A three-dimensional Boolean hypercube, in which each vertex represents one of the possible binary sequences. Each strain has three neighbors and a fitness value in parentheses. The fittest strain is 111, marked by a dotted red circle; the least fit strain is 000, from where our simulation starts.

Each vertex of the hypercube H has a fitness value, F, associated with it. The fitness function is designed as Eqn. 1 to keep it simple. Each hypercube node has N neighbors, since each nucleotide has two options: 0 or 1.

F = \frac{\sum_{i = 1}^{N} f_{i}}{N}; where f_{i} = {\begin{array}{l} f_{i} = 1; if S_{i} = 1 \\ f_{i} = 0; if S_{i} = 0 \end{array}

(1)

For computational tractability, we represent each genomic position using a reduced alphabet that preserves the structure of the mutational neighborhood while enabling large-scale simulation. This simplification does not affect the qualitative behavior of the adaptive process, which is governed by the fitness landscape topology.

3.2. Multiple-strain network model

Let $G = (V_{N}, E_{N})$ be the underlying contact network where $V_{N}$ is the set of vertices representing hosts, and $E_{N}$ is the set of edges representing the contact among those hosts. We have implemented the network model using the Waxman graph (Waxman, 1988; Naldi, 2005). The M vertices of the Waxman graph are uniformly distributed over a rectangular Cartesian coordinate plane, each with a $(x, y)$ coordinate. The probability that an edge exists between nodes u and v is determined from their Euclidean distance $d (u, v)$ by the expression in Eqn. 2, where L is the maximum distance between two vertices, and $α$ and $β$ are two parameters in the interval $(0, 1]$ . Larger values of $β$ result in denser graphs, but smaller values of $α$ enhance the density of short links relative to the longer ones. For our network model, we set $β = 0.4$ and $α = 0.2$ , which lie in the standard regime of the Waxman model (Waxman, 1988), to obtain a spatially embedded graph in which connection probability decays with Euclidean distance, producing predominantly local contacts with occasional longer-range links. This structure is commonly used to approximate human contact patterns in network-based epidemic modeling.
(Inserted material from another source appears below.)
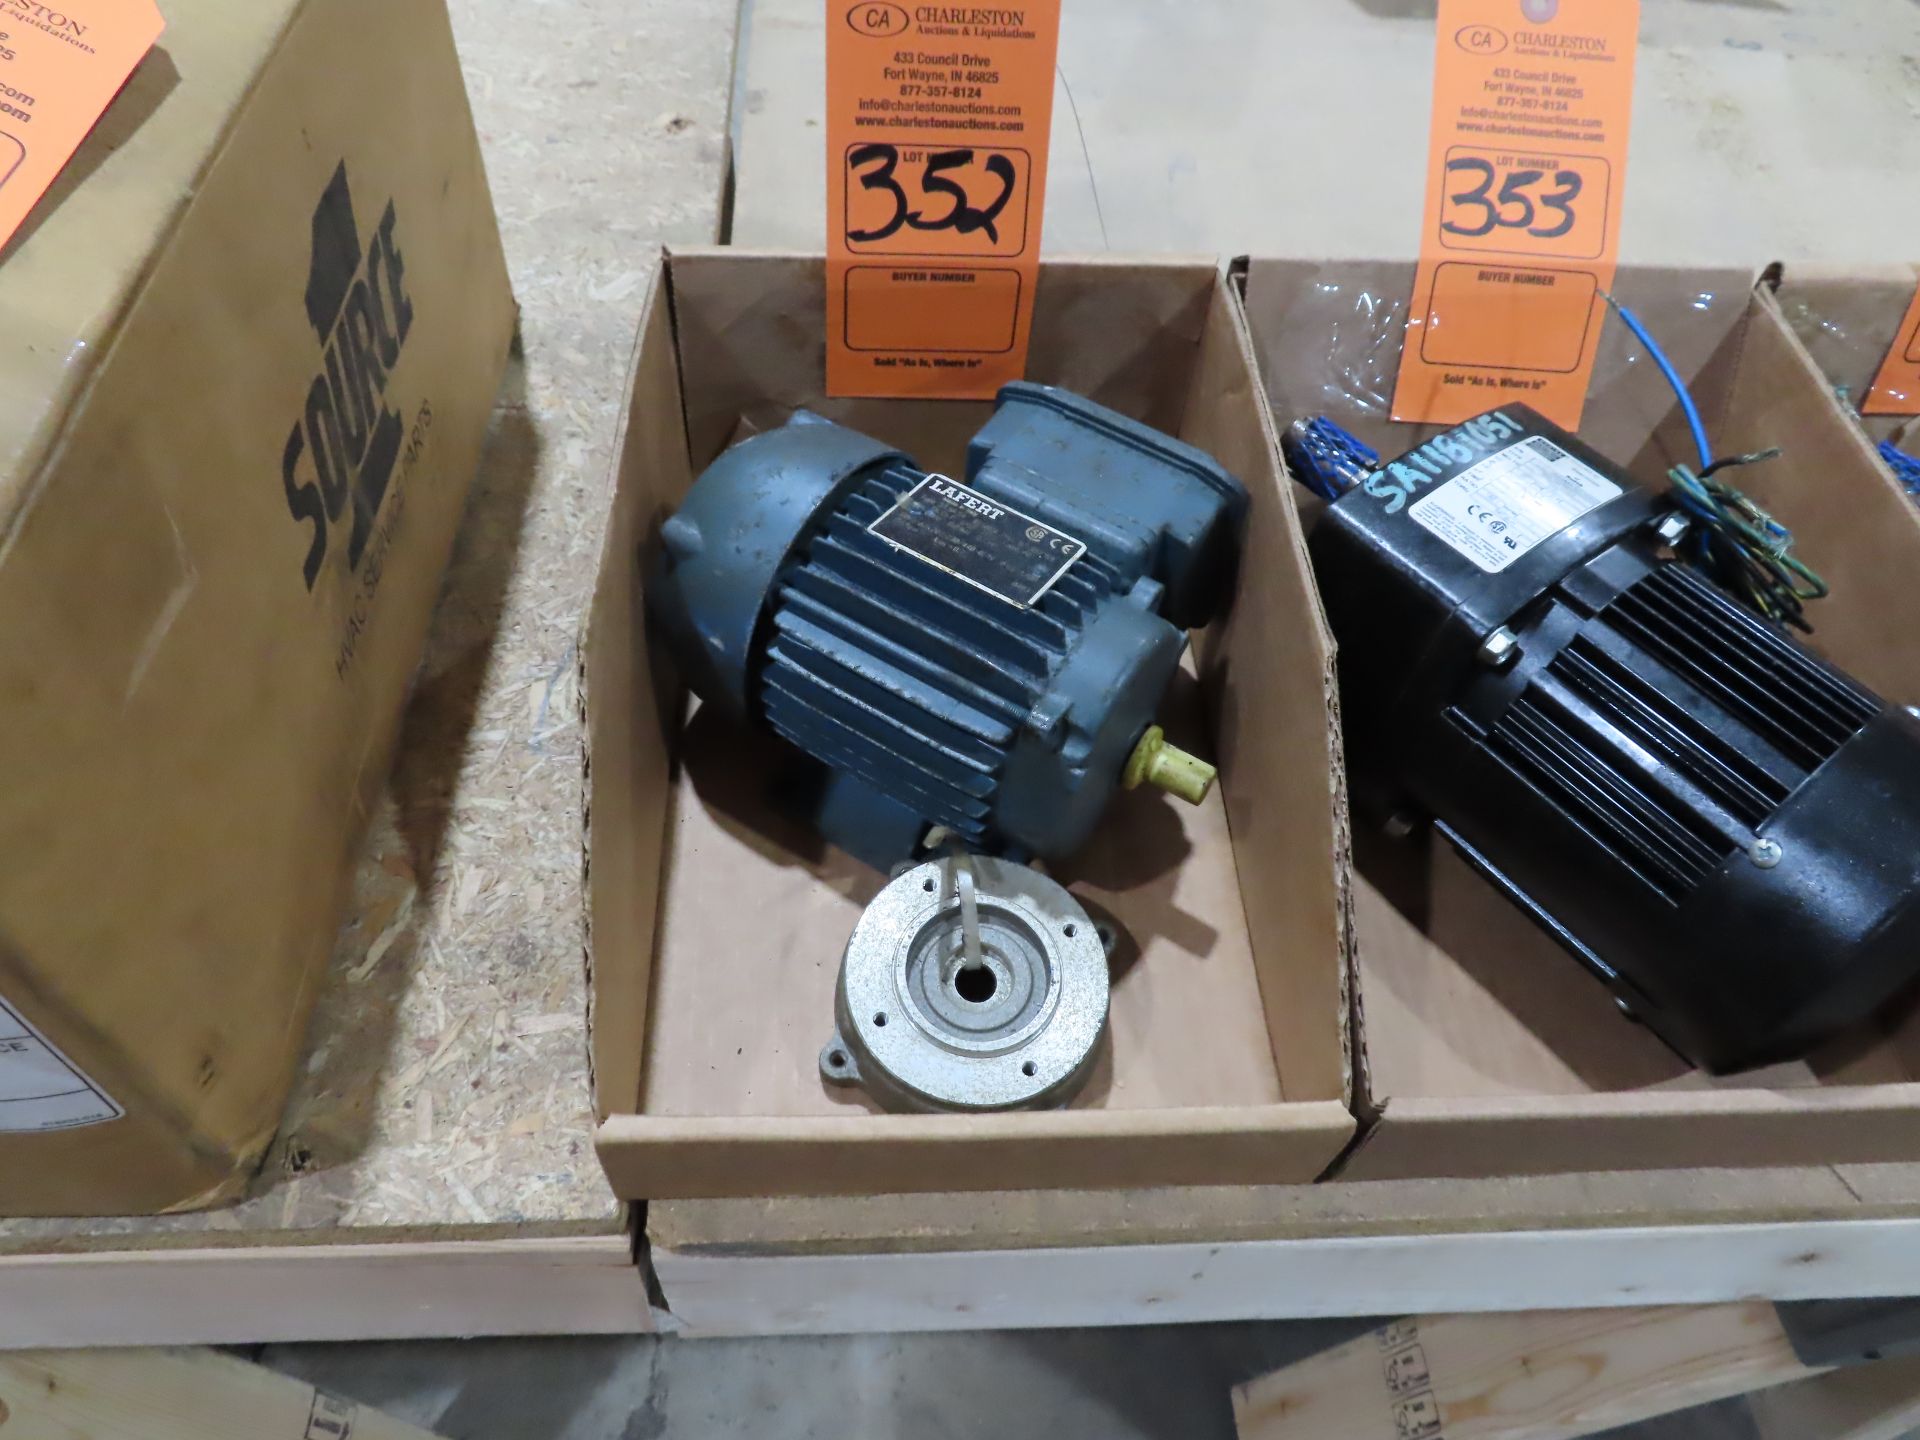 Lafert motor model ST56S4, used parts crib spare, as always with Brolyn LLC auctions, all lots can

P ({u, v}) = β e^{- \frac{d (u, v)}{L α}}

(2)

In the Waxman model, each node has only one attribute: the position in the coordinate plane. We have modified the Waxman model by adding two other features to each node to prepare the graph for the epidemiology network: infection status and infection duration. The status of a node can be uninfected(inactive) if a node has not received any infection or infected (active) of strain type i, for $i = 1... N$ . The strain type is an element of the vertex set $V_{N}$ (vertex set of the hypercube H). The infection duration is an integer value ranging from 0 to T, denoting the infection period of a node. If a node is uninfected, the timer is 0; whenever it becomes infected, it starts at 1 and increases by 1 per iteration. When it reaches the duration, $δ$ , it becomes 0 again, marking the recovery of the host from the infection. The status is also changed to inactive.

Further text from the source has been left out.